Review by umbratile
"A great game, despite some annoying flaws"
UbiSoft has worked hard to make this game look and feel like a real African country, and they certainly have achieved that. In Far Cry 2, you're a mercenary in one of gaming's biggest, most open worlds the developers claim it's as big as 50 square kilometres. It's a huge space, all of which you're free to move around in. Well, except a lot of un-climbable mountains.
So, what do you do here in Africa? Well, there's certainly not much of a story. The first thing you do is select a character, which doesn't change anything at all except your hands I picked a guy named Hakim for his large quantities of backhand hair, although to be honest I had no idea who he was when I was finished with the game. Once you're in the game, you get a simple mission: Kill the infamous arms dealer The Jackal, who seems to enjoy making people kill each other mindlessly. After a brief cab ride to the city of Pala, you're suddenly struck with malaria, and the next thing you know, the Jackal has a little chat with you. After stumbling out of the hotel, you're finally kicked into the main game.
With the exception of the opening missions, Far Cry 2 focuses a lot on the freedom of being able to do any mission you want at any time. You can choose to do story missions (you'll end up doing quite a few missions for both the two rival factions, the UFLL and the APR), which serve to advance the story, or you can do buddy missions with your fellow mercenary friends, or you can do bonus sabotage missions to get extra weapons. It seems like this brings a lot of freedom, but the cold, hard truth is that no matter what, the story missions are the ones you want to do to make progress the side missions never affect them. Supposedly, which faction you favour will affect the outcome of the story, which I guess is good but then again, all that means is you'll be doing some slightly different missions than others. In other words, the hyped freedom is not really as impressive as you might have expected.
On the subject of missions, here comes the first big problem: They're so monotonous it's not even funny. The object is usually to kill a specific person, or to blow something up, usually within a dense enemy territory consisting of a crapload of houses. The sabotage missions required to get new weapons always ALWAYS see you blowing up a moving truck (with C4 on the ground being your best bet, as a huge pack of explosives apparently is invisible to truck drivers) and its guardians. Hardly anything new or exciting no matter where or what you do, in other words. But then, perhaps you don't mind doing the same types of missions multiple times?

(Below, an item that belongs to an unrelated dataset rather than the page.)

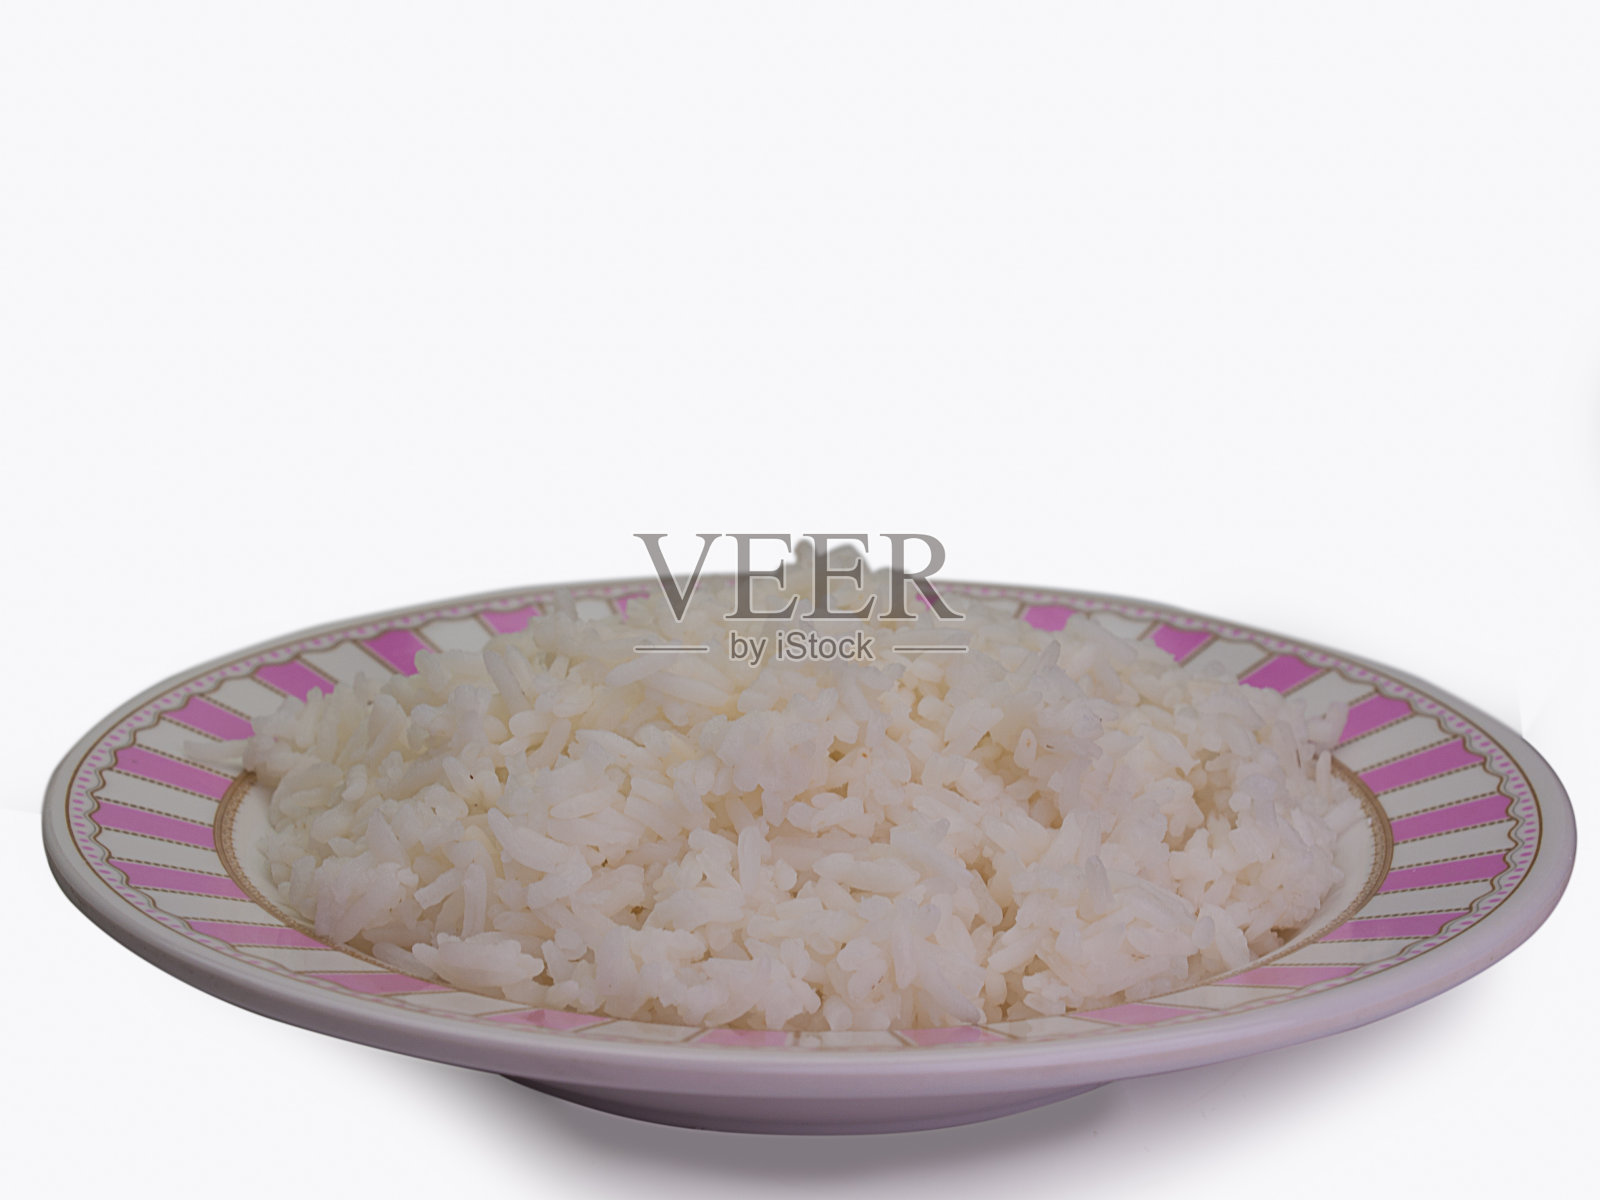 碗里装满了白米饭。照片摄影图片

What do I know? The fact that you get to choose whether to use stealth or raw firepower to accomplish your goals helps a lot. Either way, this is no issue compared to the game's major failure: The fictional countries of Leboa-Sako and Bowa Seko could just as well be called Uncanny Valley North and Uncanny Valley South. The thing is this game tries very hard to be realistic, and while it accomplishes a lot, things that are clearly not realistic stand out a lot.
Here's an example: The AI is actually not very bad. The problem is that because you would expect them to act like real persons due to their appearance, it completely shatters the immersion when you can stand in front of them for three whole seconds before they let out a confused hm? and look in a random direction, before they suddenly calculate that they're supposed to see you, and attempt to fire their AK-47s at you while you plunge a machete into their crotches. The believable setting is beautiful, but it makes everything else that is ever so slightly gamey come across as incredibly stupid, which as I mentioned kinda breaks your immersion and relation to the game.
Not only is there bit of uncannyness in here, but a few of the attempts at making the game realistic just fall on their faces. Having to search for and take malaria medicine every now and then provides no fun gameplay elements at all (it doesn't help that bad guys apparently are able to hear people take malaria pills across large ravines). The same goes for the weapons, which tend to jam or just explode if you don't go and get yourself new ones in the weapon shop's storage house. You've probably heard about the tedium of having to drive several kilometres between every single landmark. Not only does it take ages (there are five bus stops in both of the game's two areas, but you'll often be so far from one, you'll be disgusted at the thought of driving there), but you'll come across enemy camps no matter where you go, where you WILL have to fight a bunch of enemies to progress if you don't, they chase you. It's kind of like a 20 minute interactive loading sequence between each separate mission.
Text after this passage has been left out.